Pronunciamento do presidente Lula na cerimônia de lançamento do segundo Pacote pela Igualdade Racial
Deixa dizer para vocês que tudo isso que nós assinamos agora é como se a gente tivesse plantando uma árvore. Essa árvore, para dar certo, ela tem que ser semeada. Tem que colocar água, tem que ter sol, precisa ter adubo. E você sabe que o adubo, para uma política pública funcionar, são vocês.
Então, é muito importante. Eu estava cobrando do Incra (Instituto Nacional de Colonização e Reforma Agrária) ali uma coisa que me incomoda, porque em 2005 eu legalizei um território quilombola em Contagem, Minas Gerais. Passado 13 anos, eu voltei no quilombo e ainda não tinha sido dado a escritura definitiva para o quilombo.

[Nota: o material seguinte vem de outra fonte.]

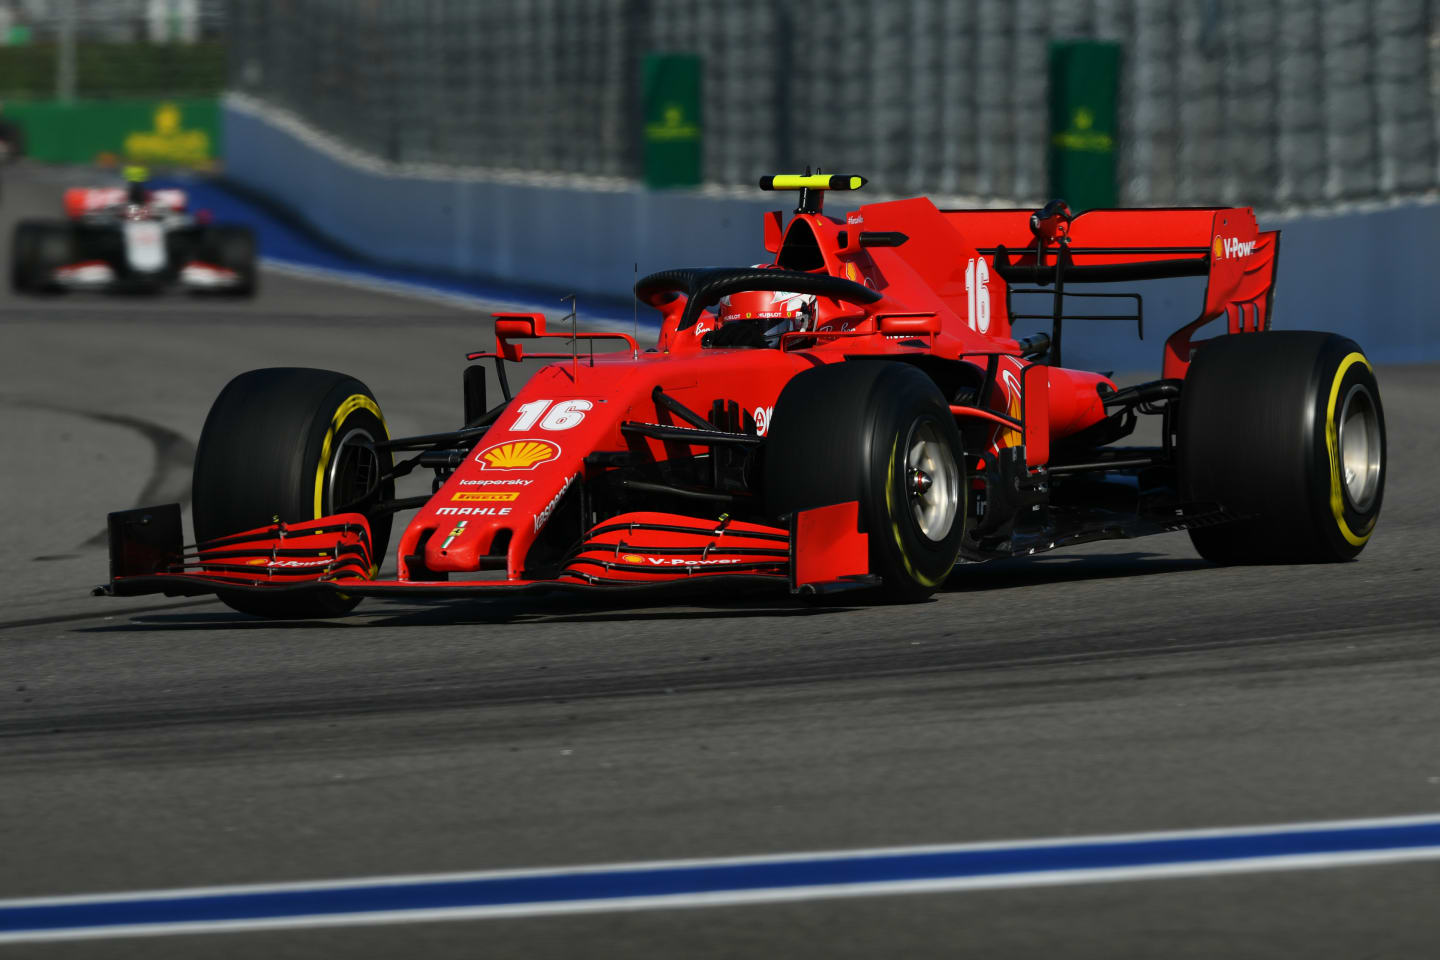 SOCHI, RUSSIA - SEPTEMBER 27: Charles Leclerc of Monaco driving the (16) Scuderia Ferrari SF1000 on
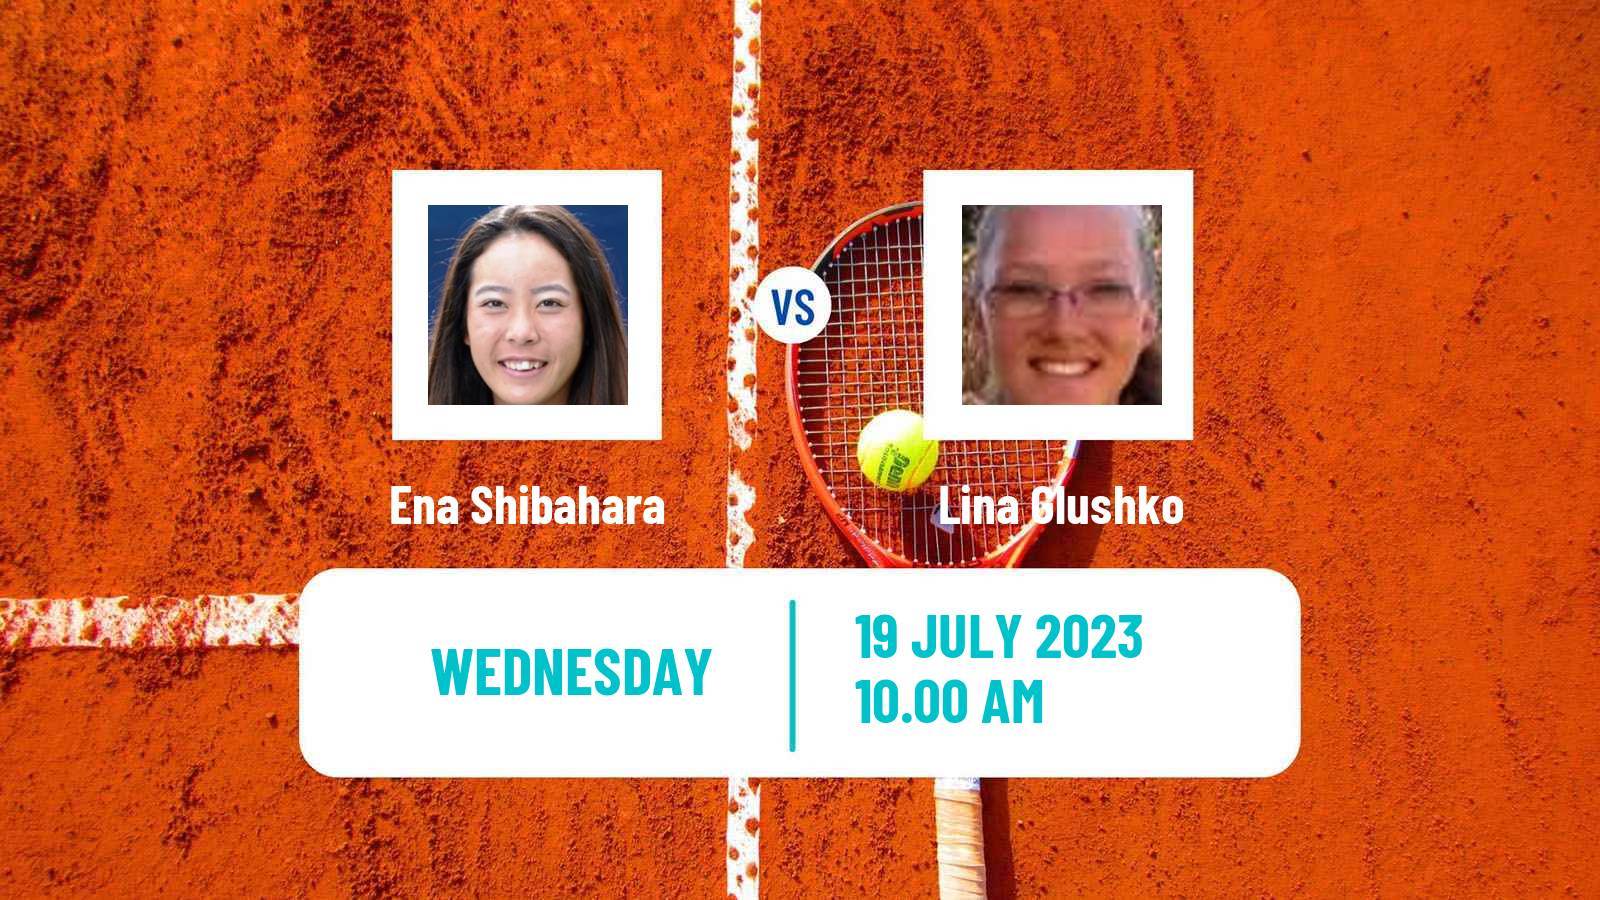 Tennis ITF W40 Porto 3 Women Ena Shibahara - Lina Glushko

Então, essas coisas, às vezes, demora. Às vezes tem empecilho. Às vezes tem vírgulas a mais, vírgulas a menos. Às vezes tem muita burocracia. Então, é o seguinte: essas coisas que nós assinamos aqui, para elas andarem, vocês não podem deixar de cobrar o funcionamento das coisas. Porque senão, daqui a pouco, alguém me encontra na rua e fala: “Ô presidente, o senhor assinou o decreto não sei das quantas lá, não aconteceu nada, presidente”. E pode ser verdade.
Então, por favor, o que nós fizemos aqui hoje é o pagamento de uma dívida histórica que a supremacia branca construiu nesse país desde que esse país foi descoberto. E que nós queremos apenas recompor aquilo que é a realidade de uma sociedade democrática. Nós não somos diferentes pela pele, pelo cabelo, pela roupa, porque nós somos irmãos. Viemos do mesmo pai, moramos no mesmo planeta e temos o sangue da mesma cor. Então, tudo que a gente está fazendo é a tentativa de recompor coisas que foram destruídas e recolocar no lugar coisas que foram tiradas.
Vocês não têm noção como é que nós encontramos esse país. Vocês estão vendo o furacão no Rio Grande do Sul, enchendo d'água, vocês estão vendo Santa Catarina, mas aqui teve um furacão. Para destruir tudo que é política de inclusão social que a gente se matou para fazer em 13 anos, se destruiu em um dia. É como Faixa de Gaza. Vocês estão vendo aqueles prédios que são destruídos, levaram décadas para ser construídos, mas um foguete destrói aquilo em um segundo.
E aqui se destruiu políticas públicas que nós estamos tentando reconstruir. Eu digo que esse ano foi o ano da reconstrução, de colocar a casa em pé. Ainda, muitos dos meus ministérios, Benedita (da Silva, deputada federal), não têm a quantidade de funcionários hoje que tinha no tempo que eu fui presidente, entre 2013 e 2010. E é preciso recompor para que a sociedade brasileira tenha competência para ajudar a fiscalizar aquilo que nós fazemos.
Dito isso, eu chamei a Benedita da Silva aqui, gente, porque não tem sentido nesse dia 20 que a gente tá homenageando, sabe, os negros desse país, que são responsáveis pela construção do nosso país. Os negros desse país que são vítimas de tanta violência, mas que tem tanta gente extraordinária, que nos ensinou a ser como nós somos, da cor que nós somos, do jeito que nós gostamos de música, de samba, de futebol.
Eu não poderia fazer um discurso aqui que já estava escrito, que foi comido parte por quem já falou na minha frente. Eu estava pensando ali com o Alckmin (vice-presidente da República): eu viajo daqui pra Índia para falar, Benedita, eu só tenho três minutos de discurso. Eu viajo daqui pra Alemanha para falar, eu só tenho três minutos para falar. Eu, o Biden (presidente dos Estados Unidos) e qualquer presidente.
Aqui não, aqui as pessoas falam o tempo que quer, o tempo que pode, sabe? Então, eu acho, eu acho que um jeito de homenagear o dia de hoje é colocar uma pessoa que eu tenho um profundo, mas um profundo amor, respeito, carinho. Uma figura que nasceu na política junto comigo, ajudou a construir esse partido, já foi vítima de dezenas de maldades pregadas por esse país. Uma mulher que eu conheci na favela, que morou muito tempo, criou os seus filhos, seus netos. Uma mulher que ainda hoje continua intacta aqui, mais bela do que quando tinha 40 anos de idade. Eu queria que a Benedita da Silva falasse em homenagem ao dia 20, em lugar do presidente da República. Benedita, a palavra é sua.